Os cavalos de pau, revólveres de madeira velha, amarrados na cintura, cocares de penas de galinha e pato, chapéus de palha com abas dobradas, cigarros de cipó de chuchu, fumados escondidos, formavam nossa indumentária de mocinhos, bandidos e índios. Com a penca de irmãos, não me lembro de algum amigo da escola ou rua ter brincado conosco, éramos nossos melhores amigos, mesmo em tempo de guerra entre o Paladino do Oeste, Durango Kid e os chefes Jerônimo e Touro Sentado. Em algumas ocasiões a turma dividia-se entre a cavalaria e a tribo. Arcos e flechas de taquaras de bambu, lanças de pau, e bodoques eram armas fabricadas por nós e testadas nas bananeiras, mamoeiros e mangas. Não tinha como esconder as marcas, um limite era imposto para que a planta não morresse ou ficássemos sem mangas para amadurecer.
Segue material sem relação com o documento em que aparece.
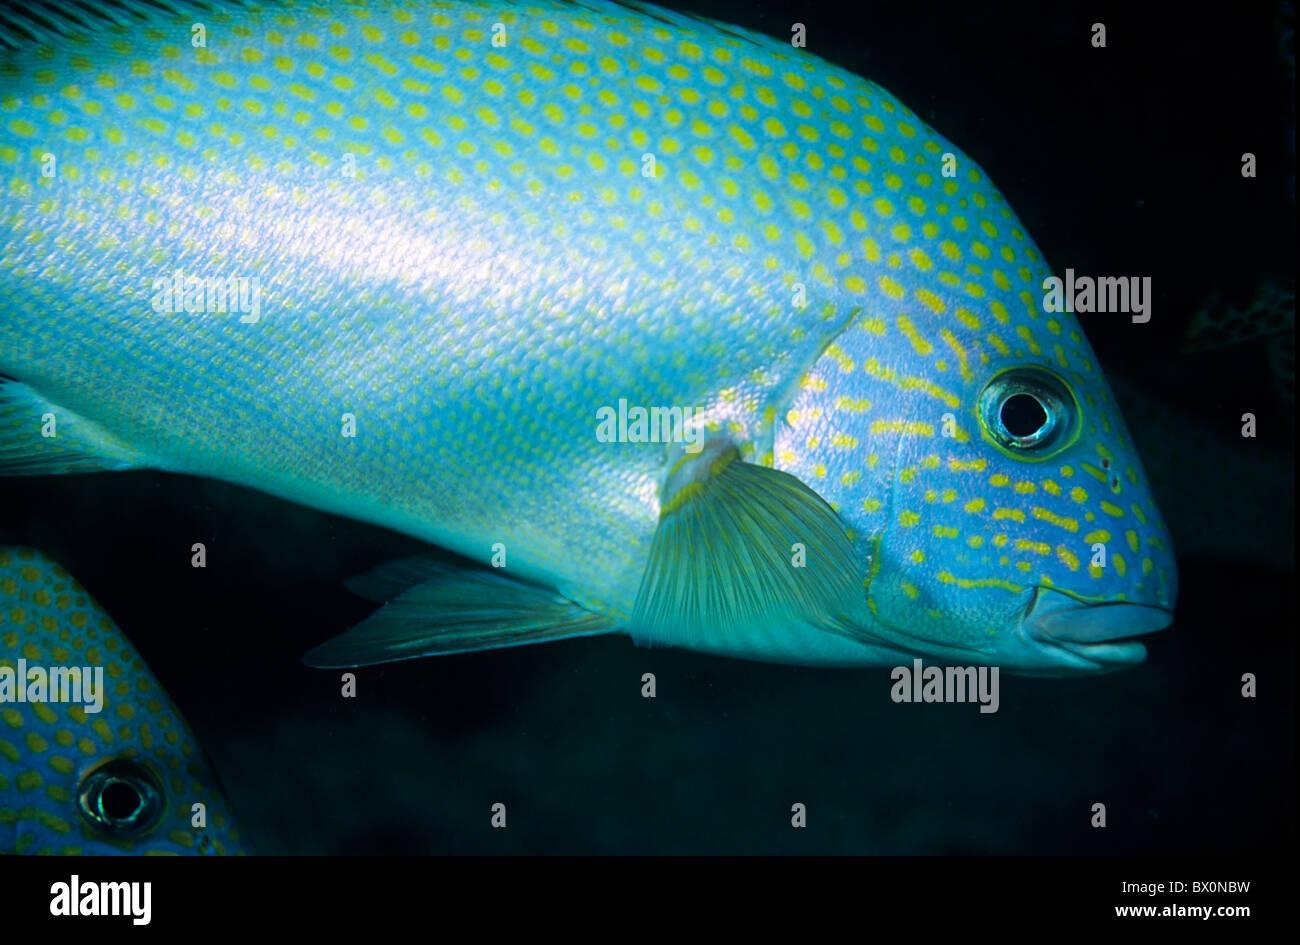 New Caledonia, Noumea Lagoon - Silver Sweetlips Fish Portrait Diagramma Pictum - Stock Image
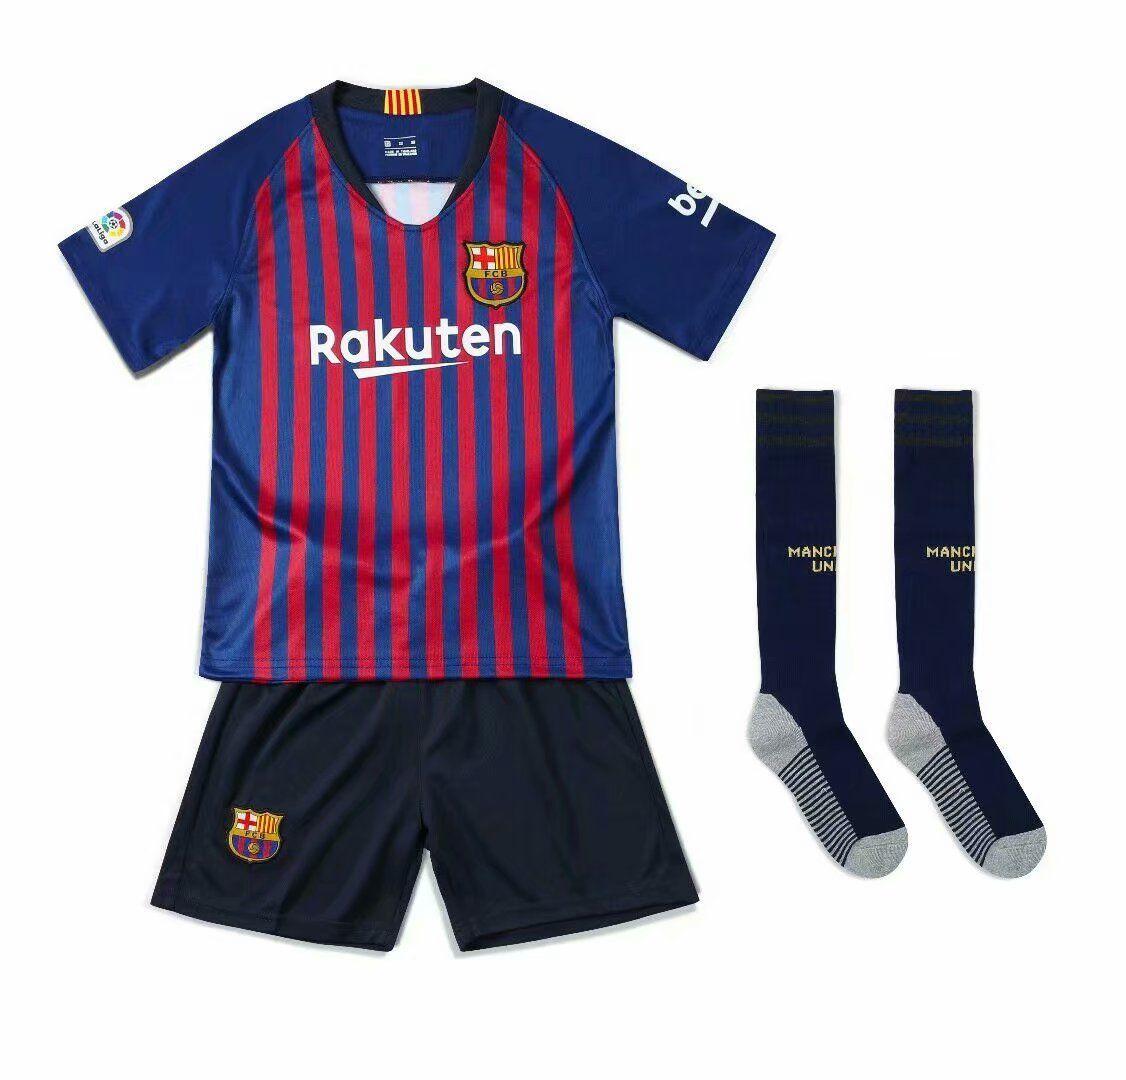 2018 19 Kids Barcelona Home Without Brand Logo Soccer Kits Children Football Uniform Football Uniforms Soccer Kits Soccer Uniforms

Episódios de saques, roubo de mulheres, roubo de colheitas, bandidos assassinos, brigas de Saloons e roubo de cavalos eram combinados previamente. Os vencedores tornavam-se perdedores nos próximos. Até que nosso pai anunciava o epílogo.

_ É hora de preparar o terreno pra plantar.
Decretava.

A guerra era declarada. Agora pra valer. Ora amarrávamos uma corda nas cabanas e puxávamos com os cavalos de pau, ora incendiávamos. Os incêndios chamavam a atenção da vizinhança. A fumaça subia alto. Vez ou outra fomos obrigados a apagar o fogo sob os olhares de nosso pai. Colocava em risco a cerca de bambu do quintal e os galhos do jacarandá, do pé de angá ou de urucum.

As armas eram guardadas, quebradas ou perdidas, assim como nossos episódios do velho oeste se perderiam até a próxima colheita, ou até a nossa adolescência.